The Midlatitude Continental Convective Clouds Experiment (MC3E) took place in central Oklahoma April–May 2011. The experiment was a collaborative effort between the U.S. Department of Energy (DOE) Atmospheric Radiation Measurement (ARM) Climate Research Facility and the National Aeronautics and Space Administration’s (NASA) Global Precipitation Measurement (GPM) mission Ground Validation (GV) program.

The field campaign leveraged the unprecedented observing infrastructure currently available in the central United States, combined with an extensive sounding array, remote sensing and in situ aircraft observations, NASA GPM ground validation remote sensors, and new ARM instrumentation purchased with American Recovery and Reinvestment Act funding. The overarching goal was to provide the most complete characterization of convective cloud systems, precipitation, and the environment that has ever been obtained, providing constraints for model cumulus parameterization's and space-based rainfall retrieval algorithms over land that have never before been available.

The GHRC is the archive and distribution center for ground validation data collected during the MC3E Experiment.

More information on the MC3E Experiment can be found at https://ghrc.nsstc.nasa.gov/home/field-campaigns/mc3e.

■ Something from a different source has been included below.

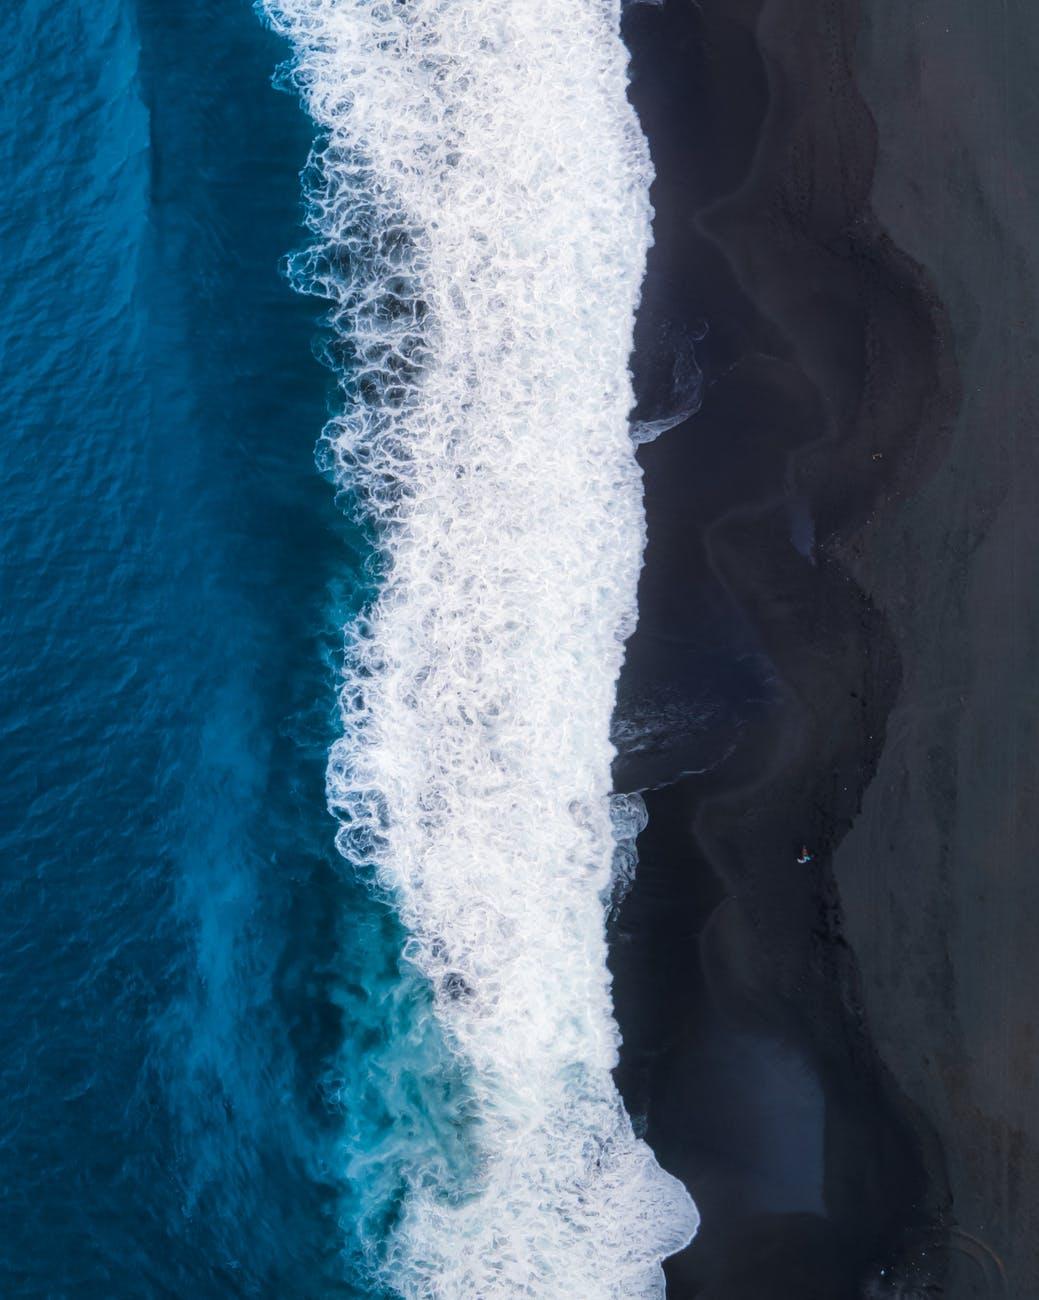 foamy sea splashing on coast

The near real-time LANCE AMSR-E system at the AMSR-E SIPS and GHRC DAAC is pleased to announce that we have integrated a new Version 11 L2A near real-time algorithm from Remote Sensing Systems (RSS) into our processing systems. These much improved version 11 brightness temperatures, as well as the corresponding L2B and L3 daily derived products, are available in the operational areas on our lance servers.

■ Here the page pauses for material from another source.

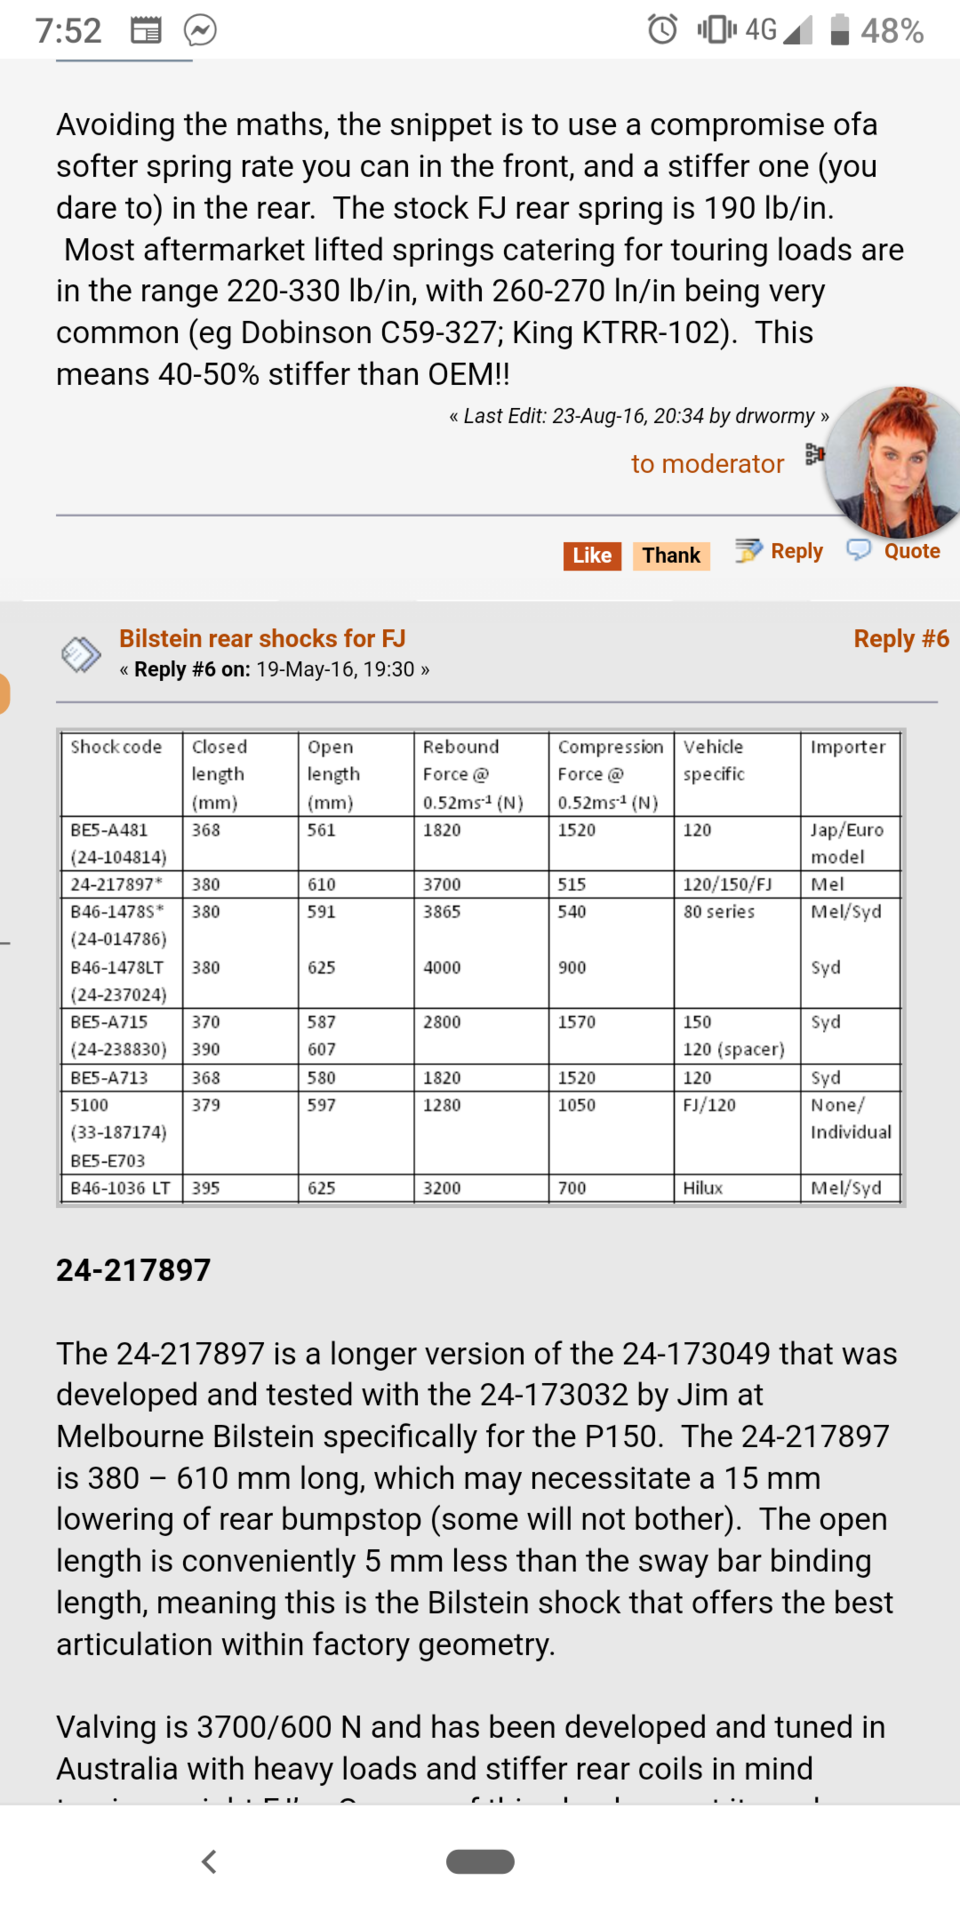 Screenshot_20190709-075244.png

This new near real-time (NRT) L2A algorithm is comparable to the Version 11 L2A algorithm currently used at the AMSR-E SIPS. We are seeing only very small differences (less than 1 Kelvin in most cases) in the data produced by the new NRT Version 11 algorithm compared to the Version 11 standard data product algorithm.
The primary differences between the new Version 11 NRT L2A code and the L2A science code used in the SIPS for generating research-quality L2A brightness temperatures are:

• For estimating the cold mirror spillover at 7-GHz, a climatology for the Earth's 7-GHz antenna temperature (TA) is used. The SIPS science code uses a combination of climatology and actual observations, when available. However using actual observations requires saving data from the previous orbit. The error introduced by this simplification for NRT processing is the spillover value (0.004) times the error in specifying TA (typically 15 K). Thus the typical error in the L2A brightness temperature at 7-GHz is 0.06 K.
• For NRT processing, the effective temperature for the hot load is computed from a static table as compared to the SIPS science code that uses a dynamic effective temperature based on ancillary data. The science code also averages over the previous orbit to obtain a smoothed effective temperature. The typical error between the static and dynamic effective temperature is 0.2 K but can be higher at certain times of the year and latitudes.

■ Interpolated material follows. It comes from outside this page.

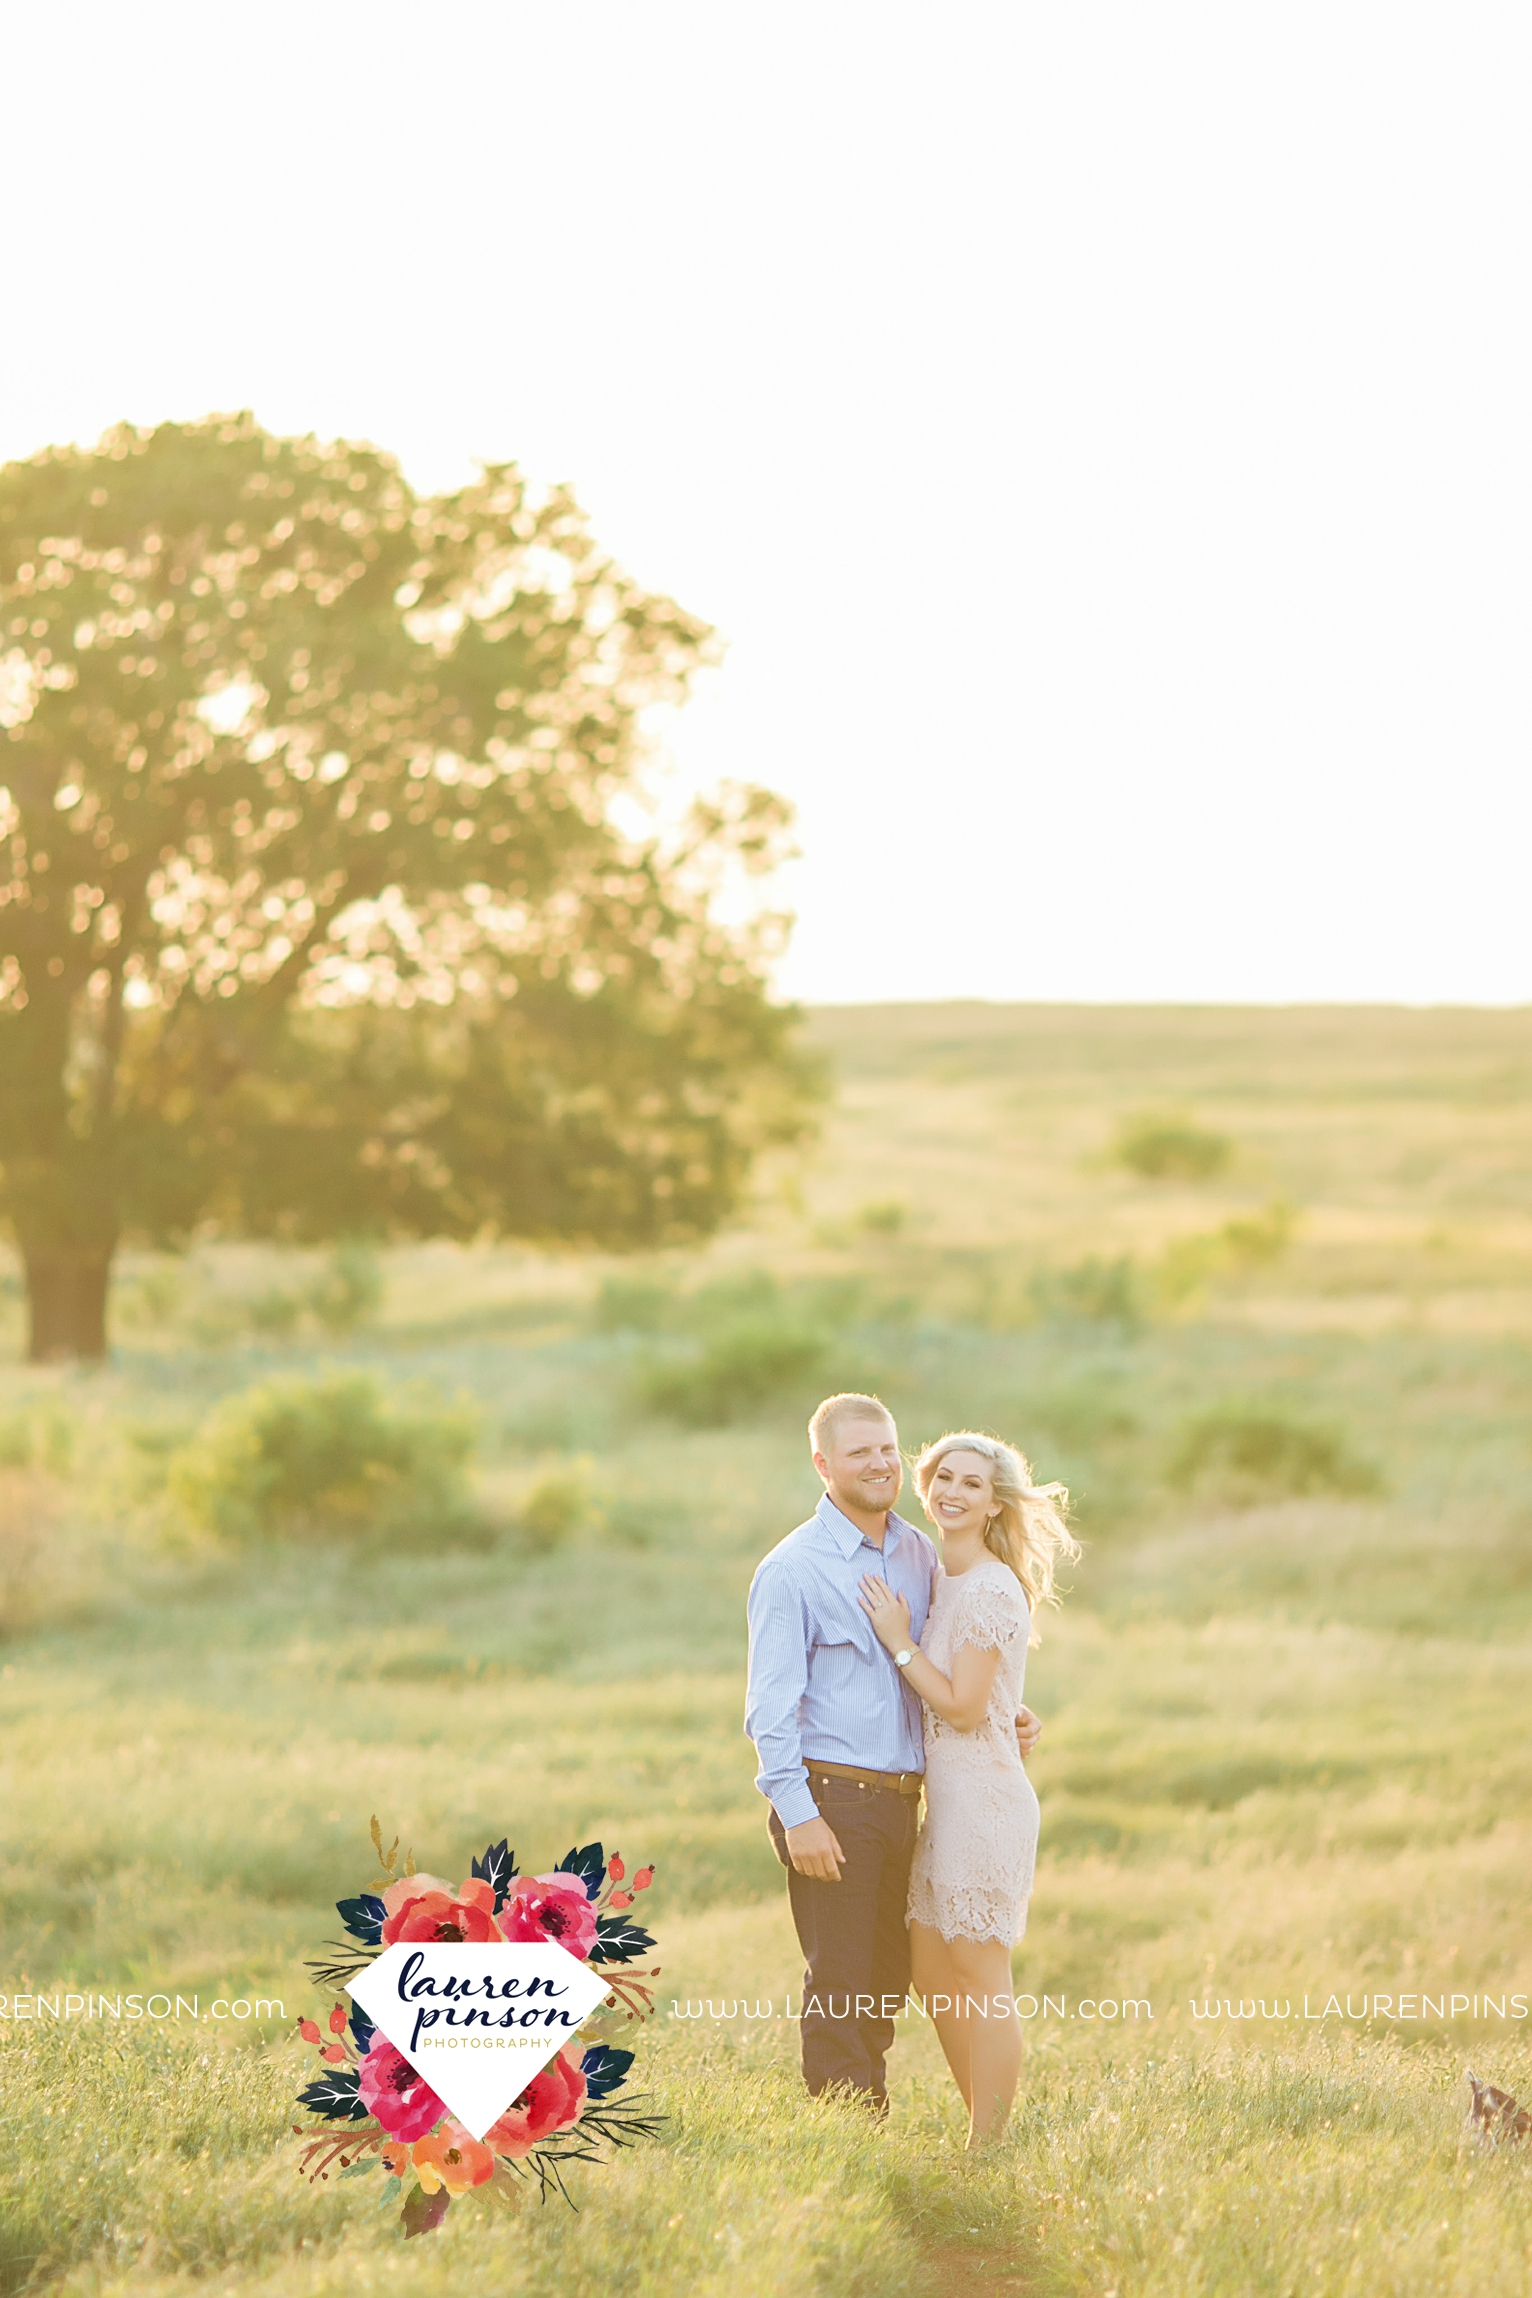 wichita-falls-texas-wedding-photographer-scotland-texas-engagement-session-country-barn-field-windthorst_2756.jpg

The Version 11 NRT data are significantly improved compared to the current Version 9 NRT data. A major improvement from the current NRT algorithm is:

• RSS added the glint angles of the DirecTV 1 0 and 11 satellites to the Geostationary_Satellite_Glint_Angles field. The low glint angles correlate well with the recent observed RFI artifacts. Over oceans, RFI can be intense: +50 K for 18.7V, and +100 K for 18.7H. Cases this large correspond to low wind conditions with very smooth seas. Initial analysis over land did not reveal significant RFI impacts. The affected period for this RFI is from July, 2007 forward.

We will continue to evaluate the version 11 NRT data during the next year and document our findings on our LANCE site at http://lance.nsstc.nasa.gov/.